Горт покачал головой.

— Полгода. Мне бы так.

Я взял четырнадцатый черепок. Нацарапал: «Мембранная экстракция. Материал: кожа выделанная, тонкая. Среда: кровь олен. + вода 35°. Выход: ~0.5 мл / пиявка / сеанс. Время: 20–25 мин. Цикл восстановления: 3–4 дня. Не убивать. Не перегревать воду. Менять мембрану после 2 пиявок».

Четырнадцатая запись. Стена черепков росла.

Горт убирал со стола, мыл миски дождевой водой, протирал поверхность. Я стоял у полки и смотрел на склянку с бульоном плесени, склянку с пиявочной слюной, ряд черепков с записями. Два оружия против одного врага. Плесень — убить инфекцию. Слюна — разбить тромбы.

Оба сырые. Оба непроверенные. Оба в количествах, которых хватит, может быть, на одного человека. В деревне их же сорок семь.

Я закрыл глаза и потёр переносицу.

Достаточно. Следующий шаг — тест на крови, но это вечером. Сейчас есть дела поважнее.

Я вымыл руки. Не у колодца.

Бочка с дождевой водой стояла между амбаром и мастерской Кирены. Я поливал руки из ковша, когда за спиной скрипнул гравий.

Аскер стоял в трёх шагах. Руки сложены на груди, лысая голова блестела в полуденном свете, и шрам на левой щеке казался белее обычного. Он не окликнул, не поздоровался — просто стоял и смотрел, как я мою руки.

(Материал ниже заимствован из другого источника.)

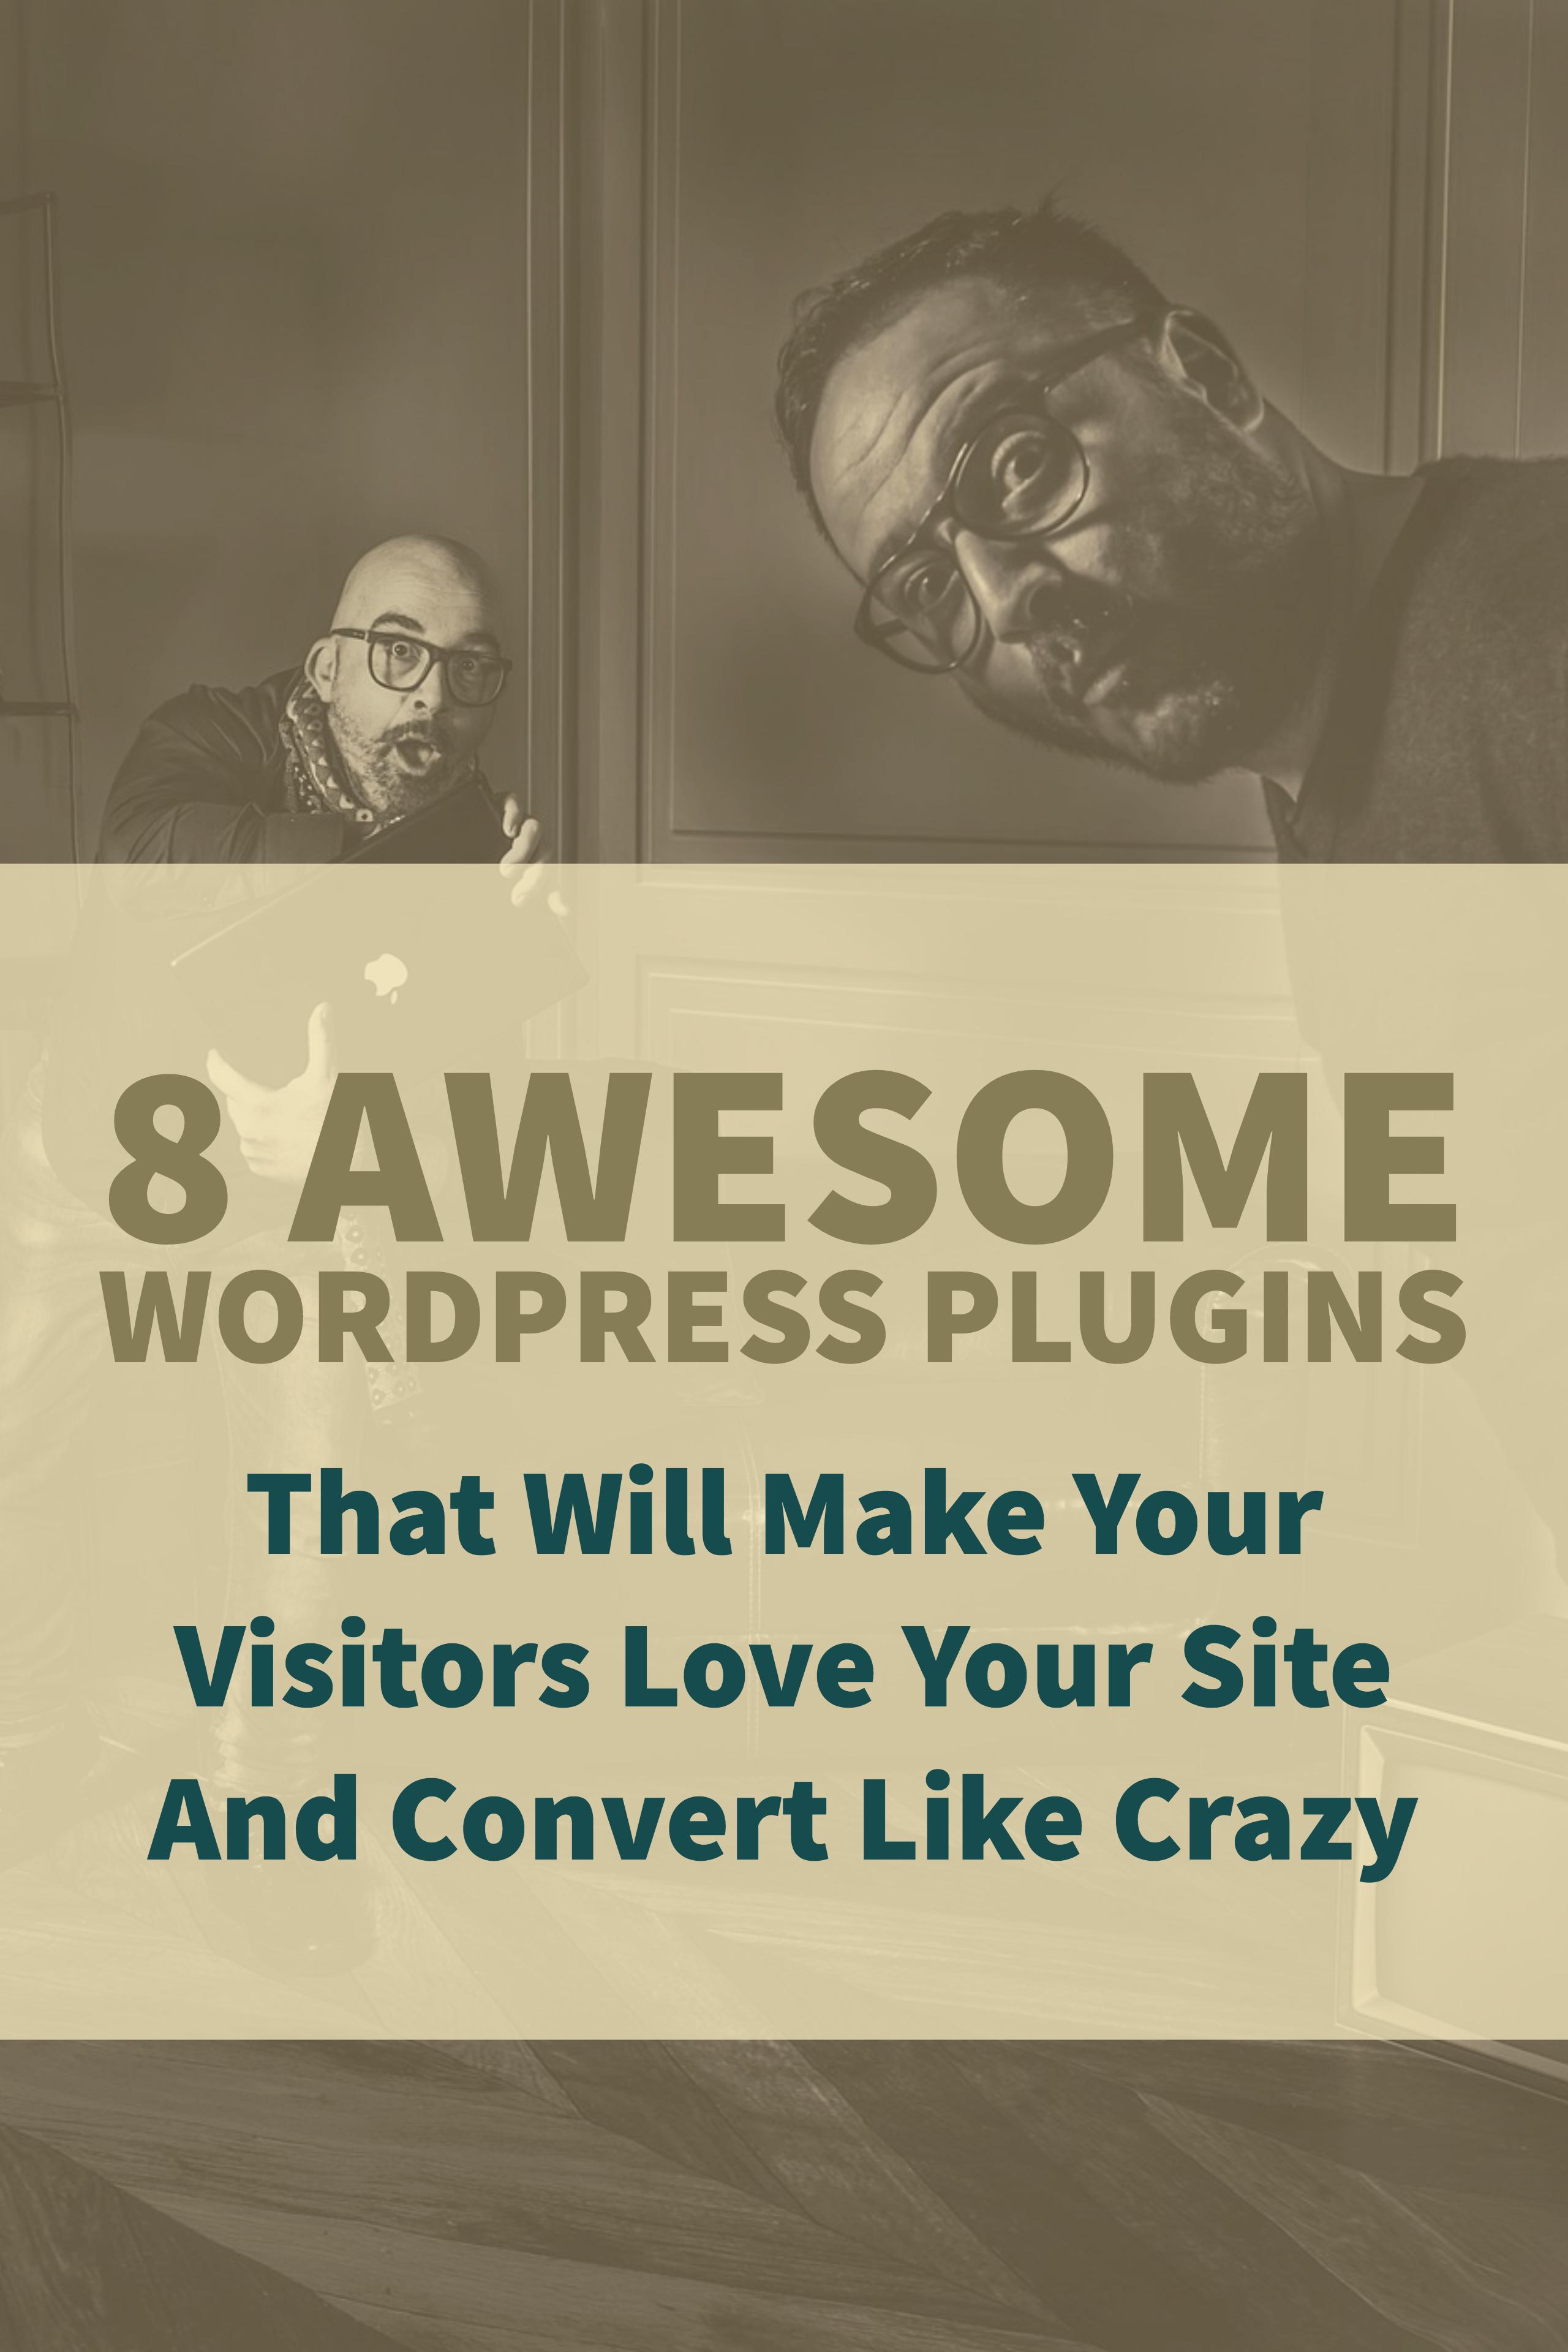 8 Awesome WordPress Plugins that will make visitors love your site and convrt like crazy! Use these WordPress plugins now to improve your user experience and convert webvisitors into leads and sales.

Стряхнул воду с пальцев. Ждал.

— Третий день, Лекарь.

Голос ровный, негромкий. Аскер не повышал тон без нужды. Это было одним из первых, что я о нём понял — человек, который кричит редко, пугает сильнее крикуна.

Я повернулся к нему.

— Третий день ты воду из колодца не берёшь, — он кивнул на бочку. — Горт таскает с ручья. Ты моешься тут. Чай варишь на ручьёвой. Думаешь, я слепой?

Не вопрос, а наблюдение. Как засечки на коре Обугленного Корня, где Аскер отмечал запасы, долги и дни. Он считал всё — мешки с зерном, связки шкур, вёдра воды. И кто откуда эту воду берёт.

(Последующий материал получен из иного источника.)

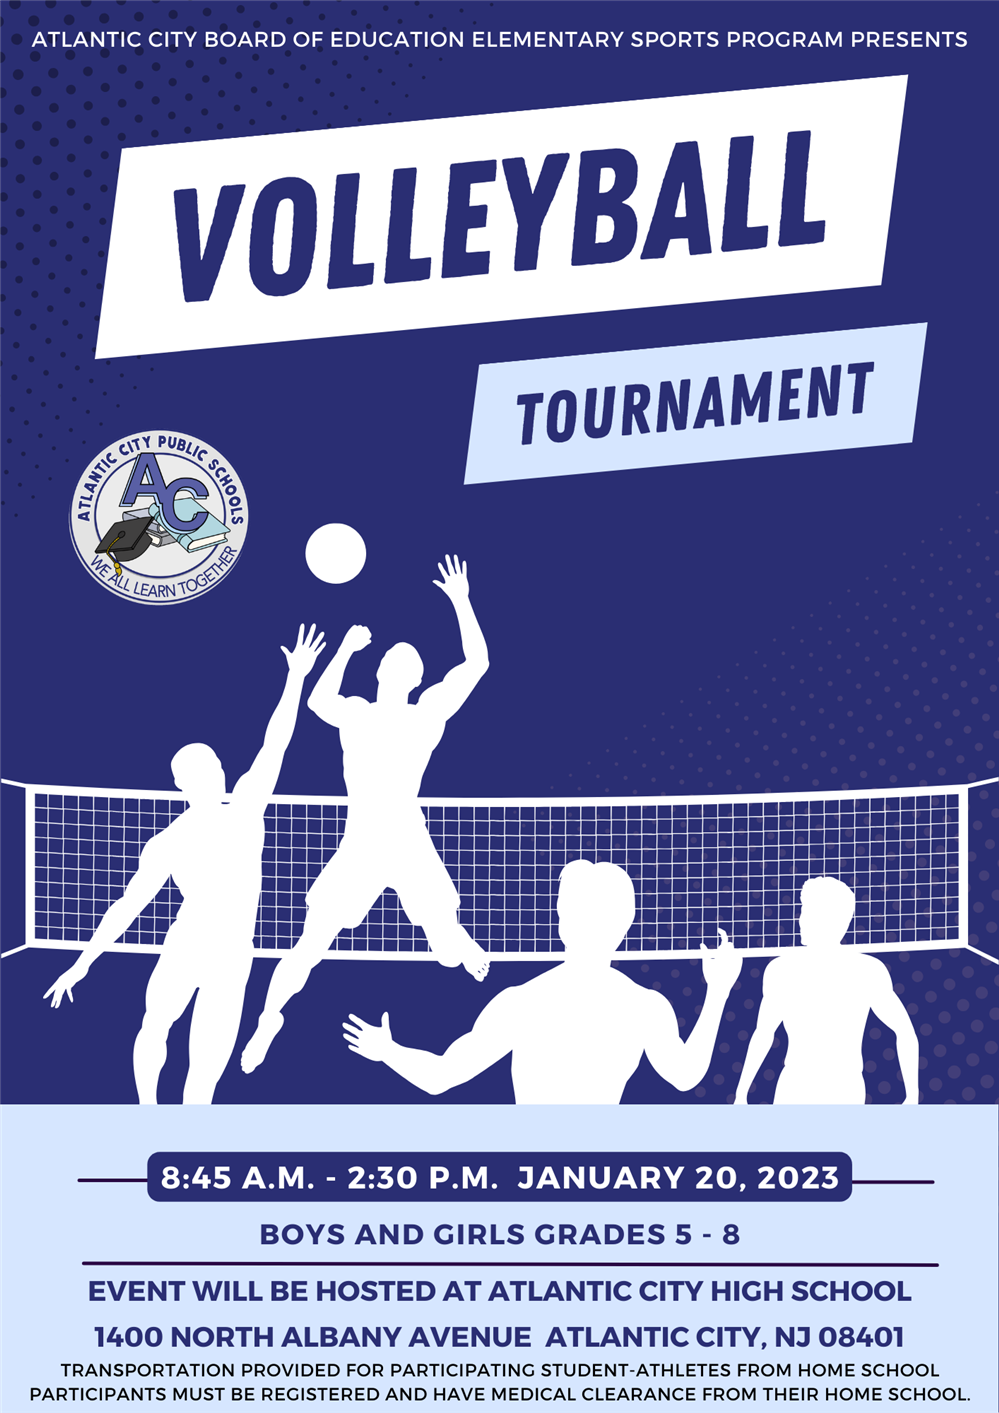  ACPS Volleyball Tournament Flyer

— Не слепой, — я вытер руки о штанину. — Два дня назад попробовал воду из колодца. Привкус металла слабый, почти незаметный.

— Ну.

— Раньше его не было.

Аскер не моргнул. Лицо осталось каменным, но я видел, как побелел шрам, зубы стиснулись под кожей. Мышца на виске дёрнулась.

— Говори яснее.

— Колодец глубокий, но грунт не монолит — в нём трещины, поры, промоины. Верхняя вода связана с глубокой. Если поверхностная портится, глубокая тоже портится. Медленнее, но портится.

— Портится от чего?

— От того, что движется с востока.

Аскер смотрел мне в глаза прямо, не мигая. Глаза умные, холодные, и в них не было страха — был расчёт. Он прикидывал, взвешивал, складывал в голове цифры так же, как на коре Обугленного Корня.

— Сколько?

— Десять дней. Может, четырнадцать. Потом пить из колодца станет опасно.

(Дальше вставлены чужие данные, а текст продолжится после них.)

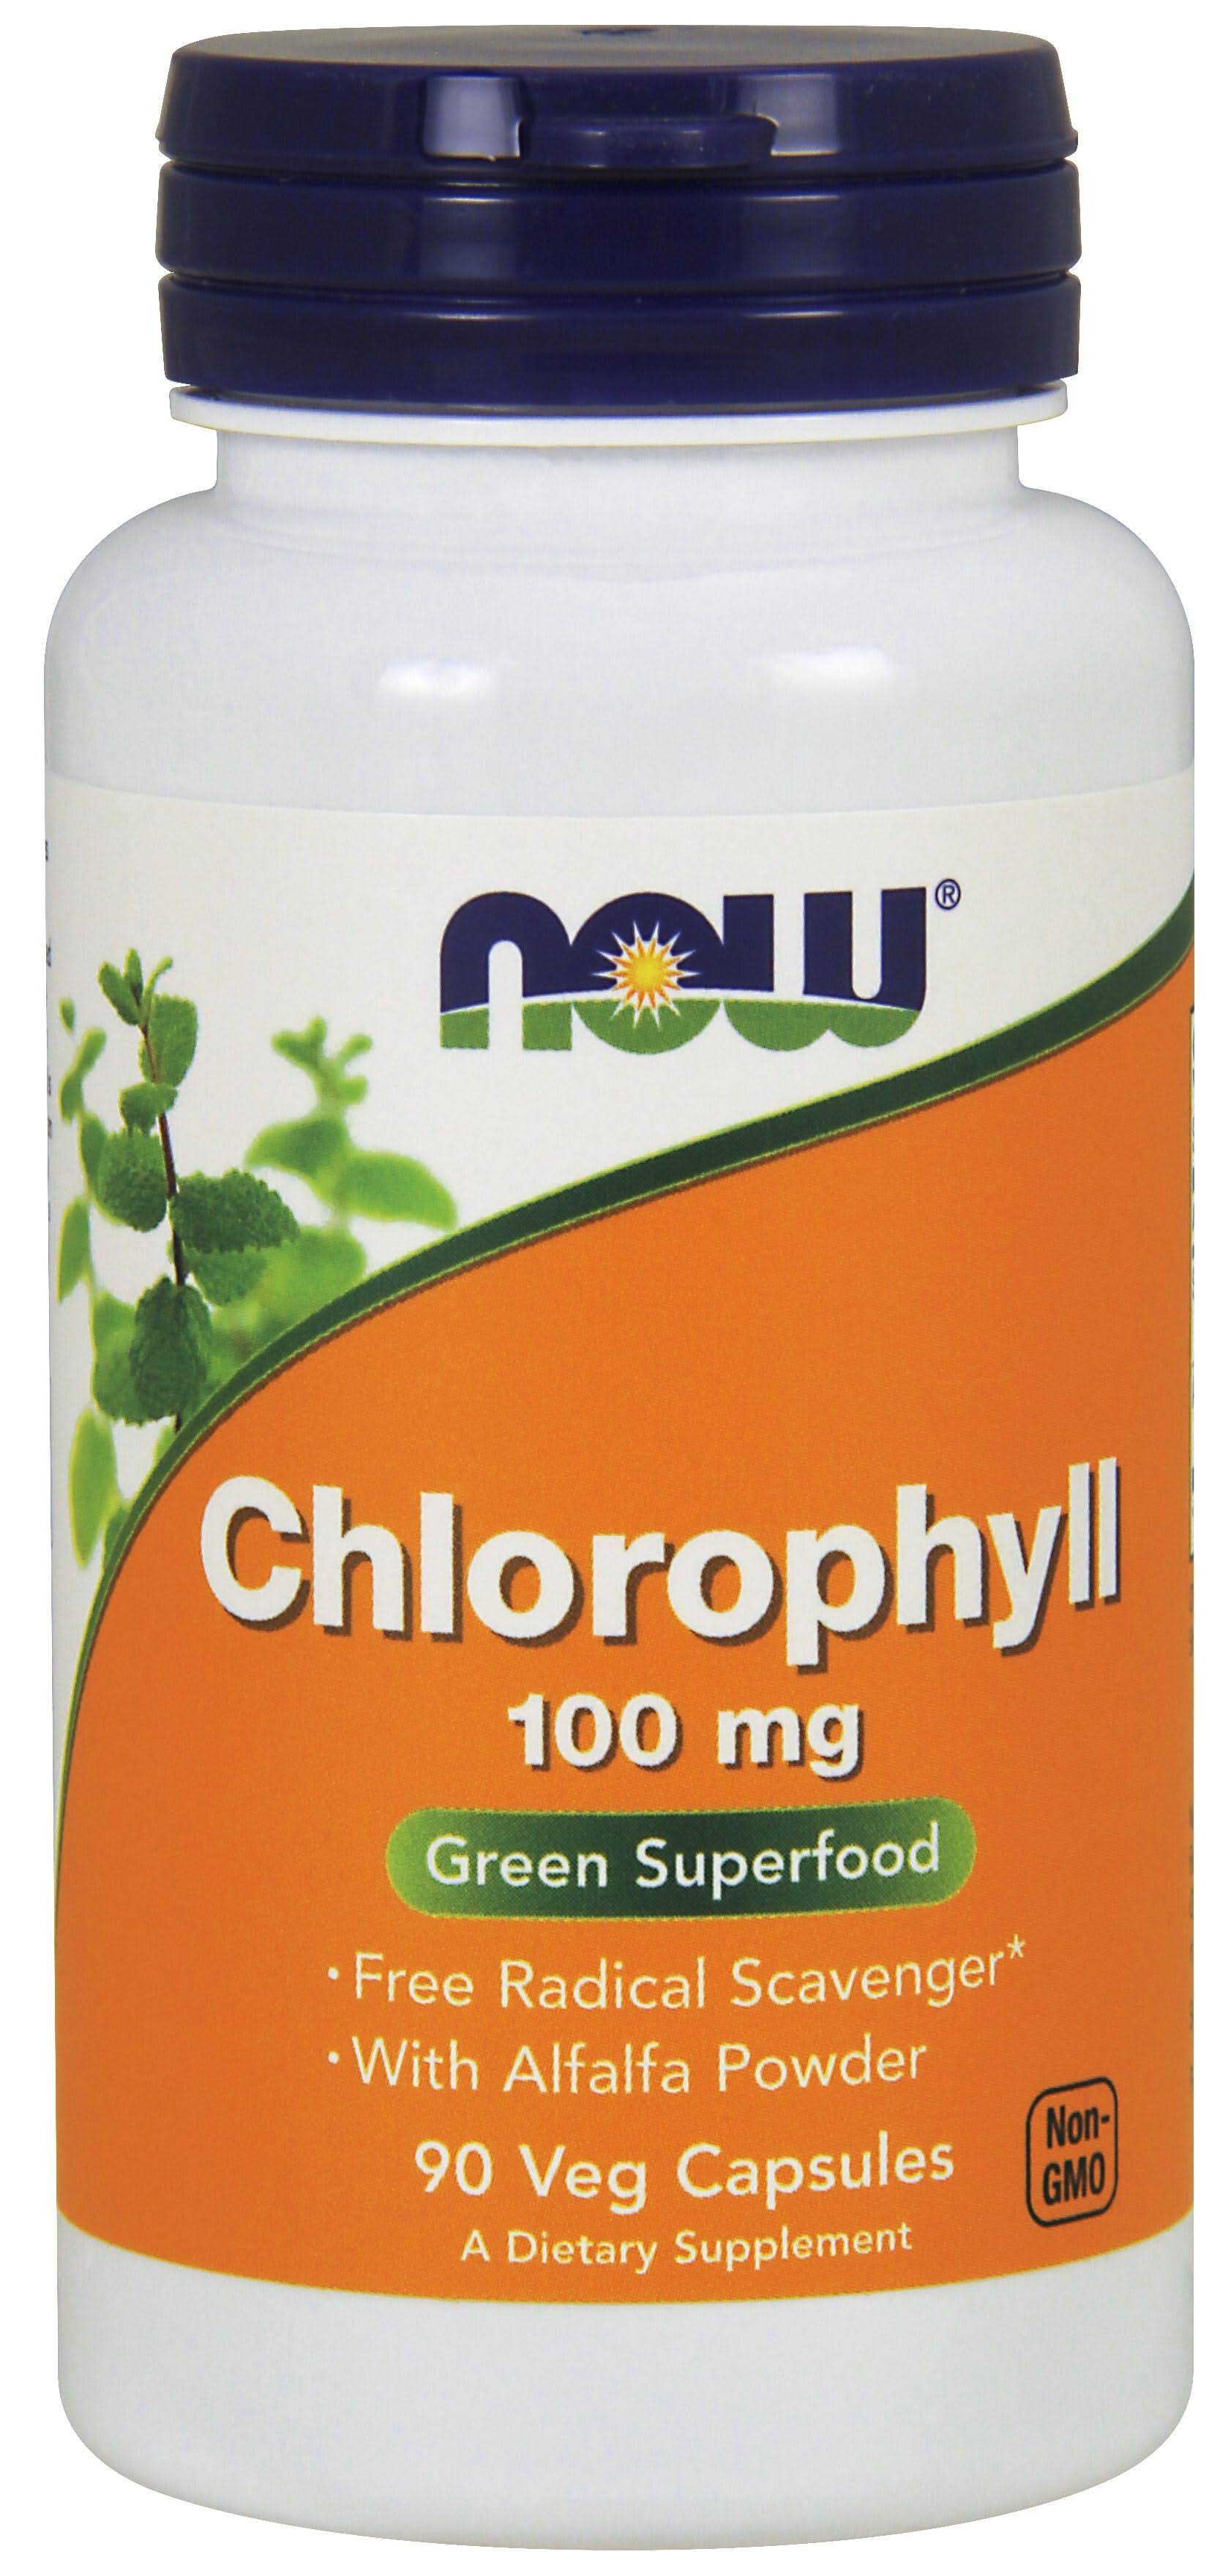 Now Foods Chlorophyll Supplement - 90 Capsules

Молчание. Аскер повернул голову к колодцу, двадцать шагов, новая верёвка, ворот, который Дрен менял позавчера. За колодцем дома, дым из трубы Кирены, крыша Брана с латкой из свежей коры. Дети возились у амбара, и один из них, мальчишка Илки, нёс ведро от колодца, расплёскивая на каждом шагу.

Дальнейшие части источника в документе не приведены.